Add: the above is the code used in the game, but some logic errors were found after the game. This error was not found from list A to list C

# error code 
dic_innums  = df_d.groupby(['tmp_10_minutes_bf'])['inNums'].sum().to_dict()
dic_outnums = df_d.groupby(['tmp_hours_bf'])['outNums'].sum().to_dict()
# Modified code
dic_innums  = df_d.groupby(['tmp_10_minutes_bf'])['inNums'].sum().to_dict()
dic_outnums = df_d.groupby(['tmp_10_minutes_bf'])['outNums'].sum().to_dict()

3. Periodicity

Due to the similar distribution of weekends, the distribution of weekdays is similar. Therefore, we select the information corresponding to the date and time period to construct the feature, specifically:

Key codes:

columns = ['_innum_10minutes','_outnum_10minutes','_innum_hour','_outnum_hour']
# # sum,mean in the past n days
for i in range(2,left):
    for f in columns:
        colname1 = '_bf_'+str(i)+'_'+'days'+f+'_sum'
        df_feature_y[colname1] = 0
        for d in range(1,i+1):
            df_feature_y[colname1] = df_feature_y[colname1] + df_feature_y['_bf_'+str(d) +f]
        colname2 = '_bf_'+str(d)+'_'+'days'+f+'_mean'
        df_feature_y[colname2] = df_feature_y[colname1] / i
        
# Difference of mean in the past n days
for i in range(2,left): 
    for f in columns:
        colname1 = '_bf_'+str(d)+'_'+'days'+f+'_mean'
        colname2 = '_bf_'+str(d)+'_'+'days'+f+'_mean_diff'
        df_feature_y[colname2] = df_feature_y[colname1].diff(1)
        df_feature_y.loc[(df_feature_y.hour==0)&(df_feature_y.minute==0), colname2] = 0

4.stationID related features

It is mainly used to mine the heat of different sites and the combination of sites and other features.
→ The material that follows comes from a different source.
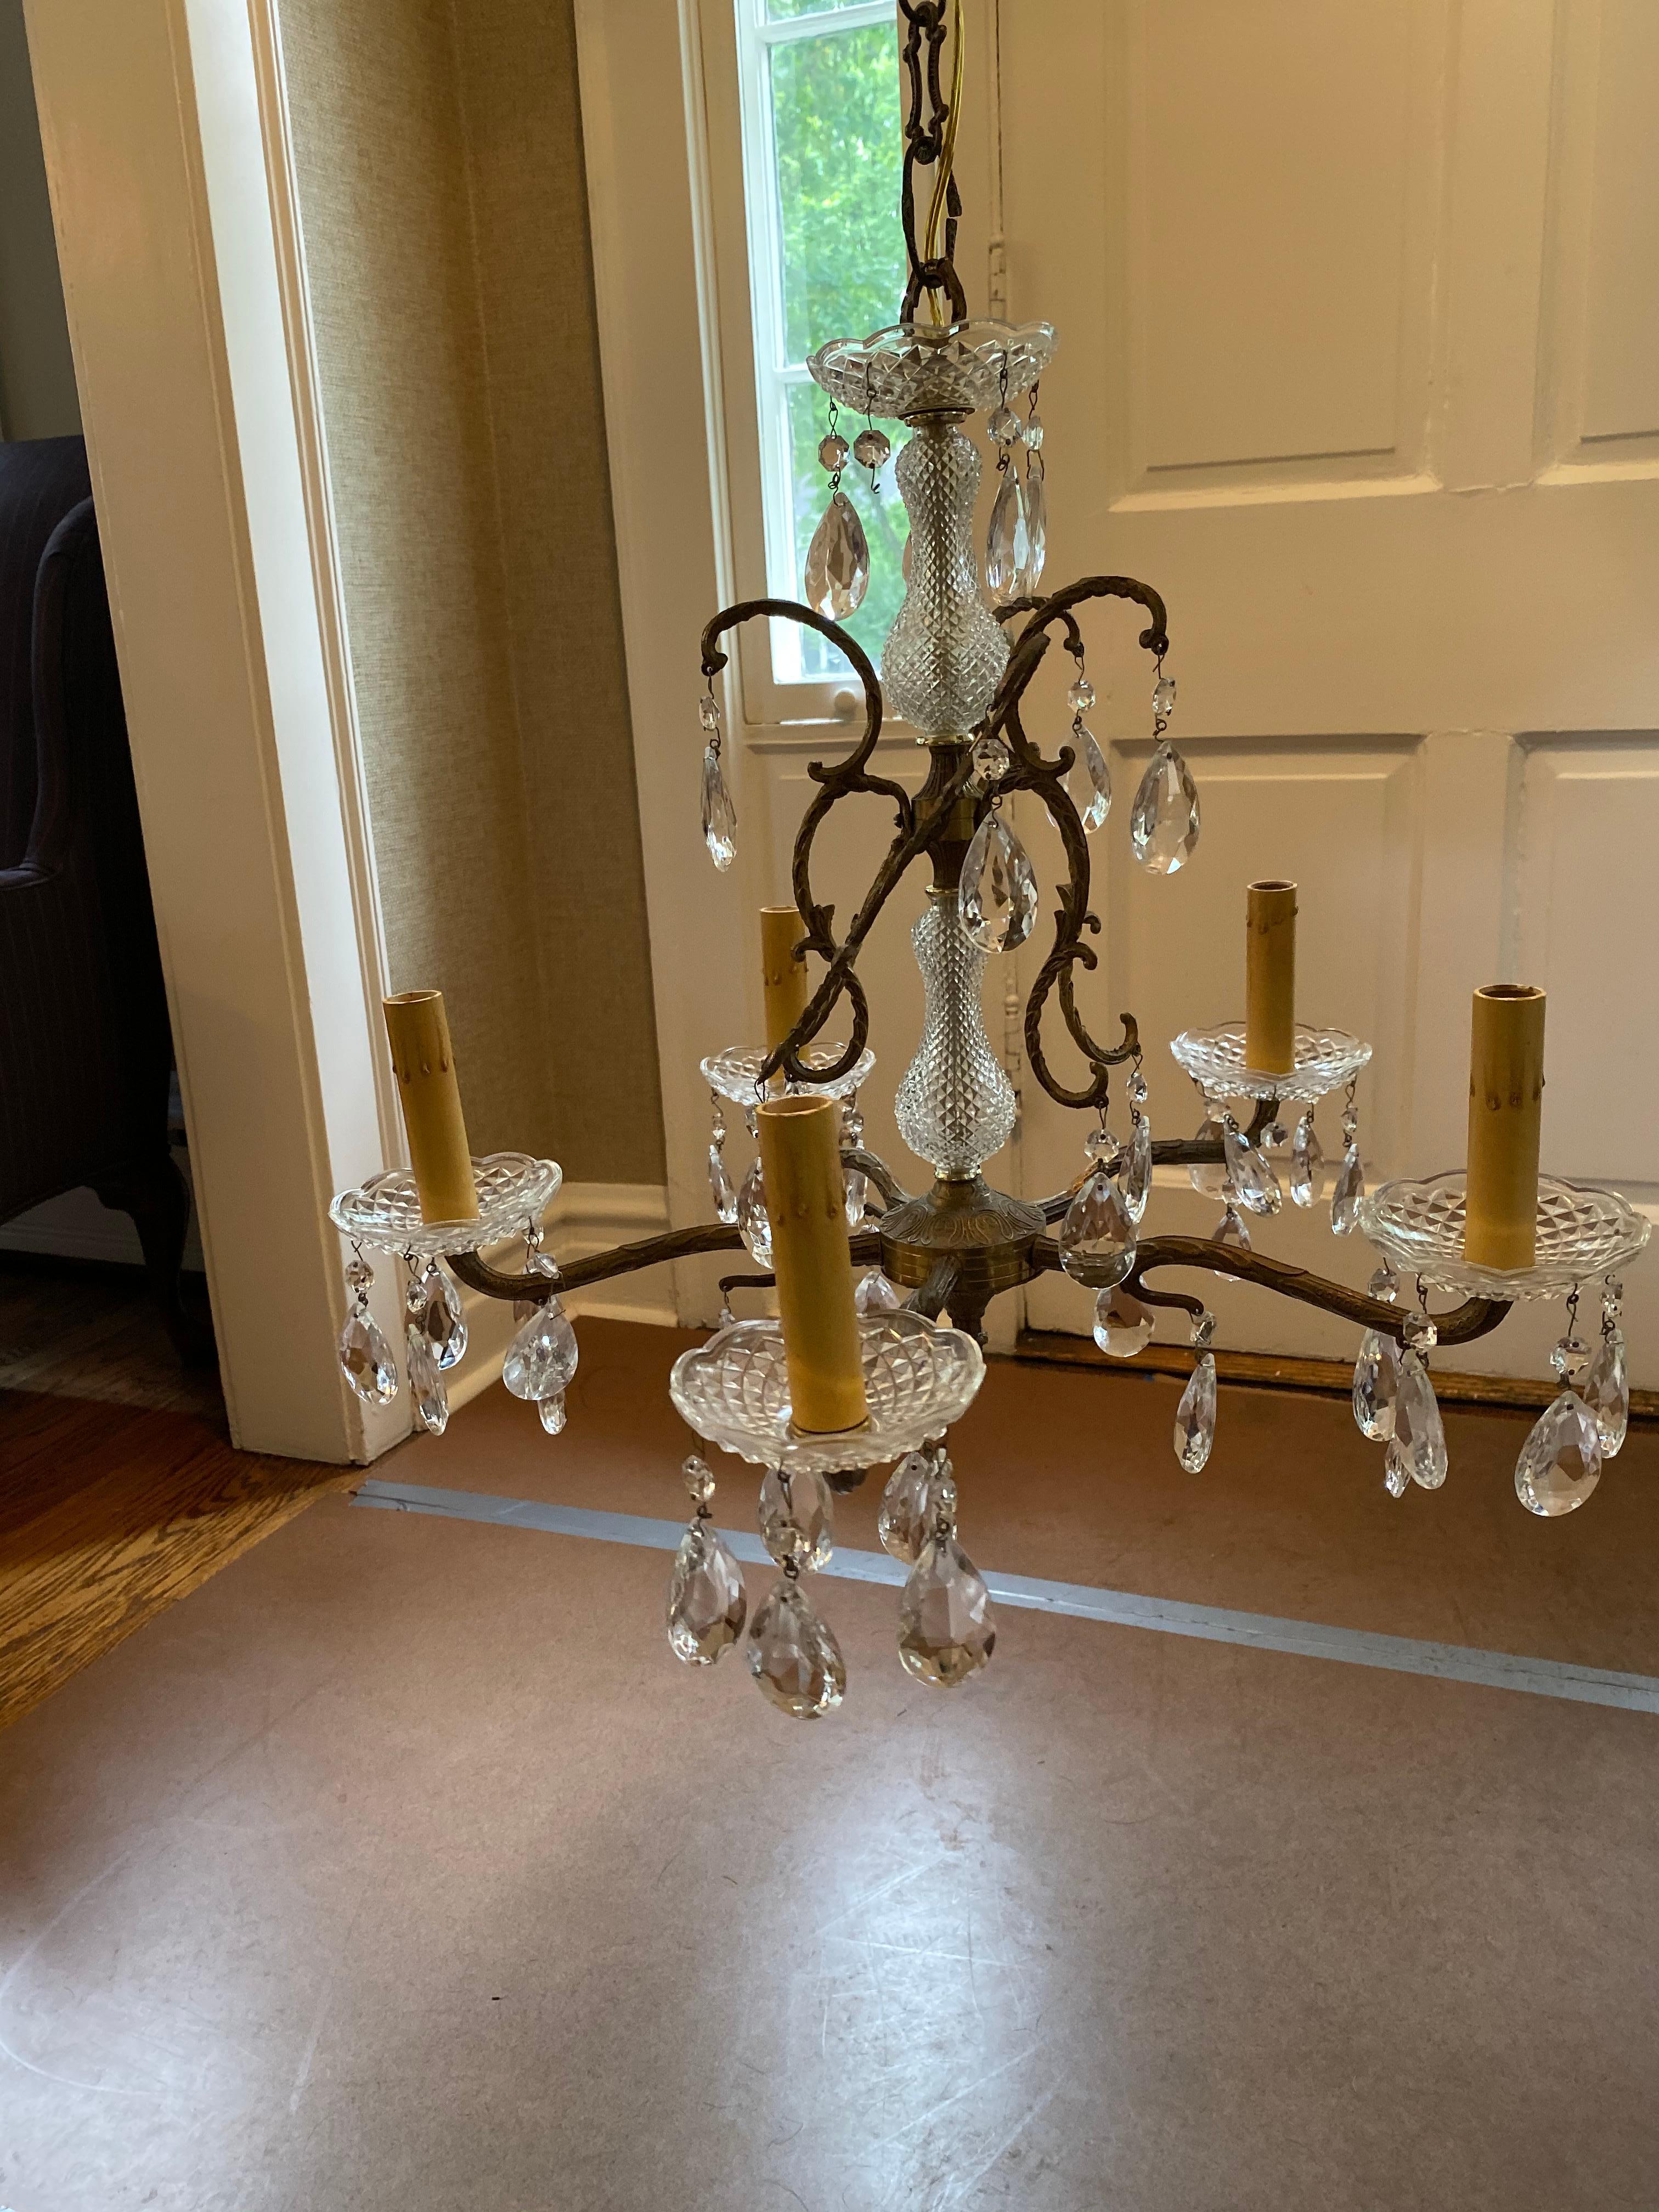 Vintage French Crystal and Bronze Chandelier from Marche Aux Puces, Paris For Sale 2

The key codes are:

def get_stationID_fea(df):
    df_station               = pd.DataFrame()
    df_station['stationID']  = df['stationID'].unique()
    df_station               = df_station.sort_values('stationID')
    
    tmp1  = df.groupby(['stationID'])['deviceID'].nunique().to_frame('stationID_deviceID_nunique').reset_index()
    tmp2  = df.groupby(['stationID'])['userID'].nunique().to_frame('stationID_userID_nunique').reset_index()
    
    df_station = df_station.merge(tmp1,on ='stationID', how='left')
    df_station = df_station.merge(tmp2,on ='stationID', how='left')
    
    for pivot_cols in tqdm_notebook(['payType','hour','days_relative','ten_minutes_in_day']): 
        
        tmp = df.groupby(['stationID',pivot_cols])['deviceID'].count().to_frame('stationID_'+pivot_cols+'_cnt').reset_index()
        df_tmp = tmp.pivot(index = 'stationID', columns=pivot_cols, values='stationID_'+pivot_cols+'_cnt')
        cols   = ['stationID_'+pivot_cols+'_cnt' + str(col) for col in df_tmp.columns]
        df_tmp.columns = cols
        df_tmp.reset_index(inplace = True)
        df_station = df_station.merge(df_tmp, on ='stationID', how='left')
    return df_station

Core idea Part3 - model training & Fusion

In terms of model training, we mainly have three schemes: traditional scheme, smoothing trend and timing stacking. Finally, the predicted results of the three schemes are weighted and fused according to the scores of the offline verification set.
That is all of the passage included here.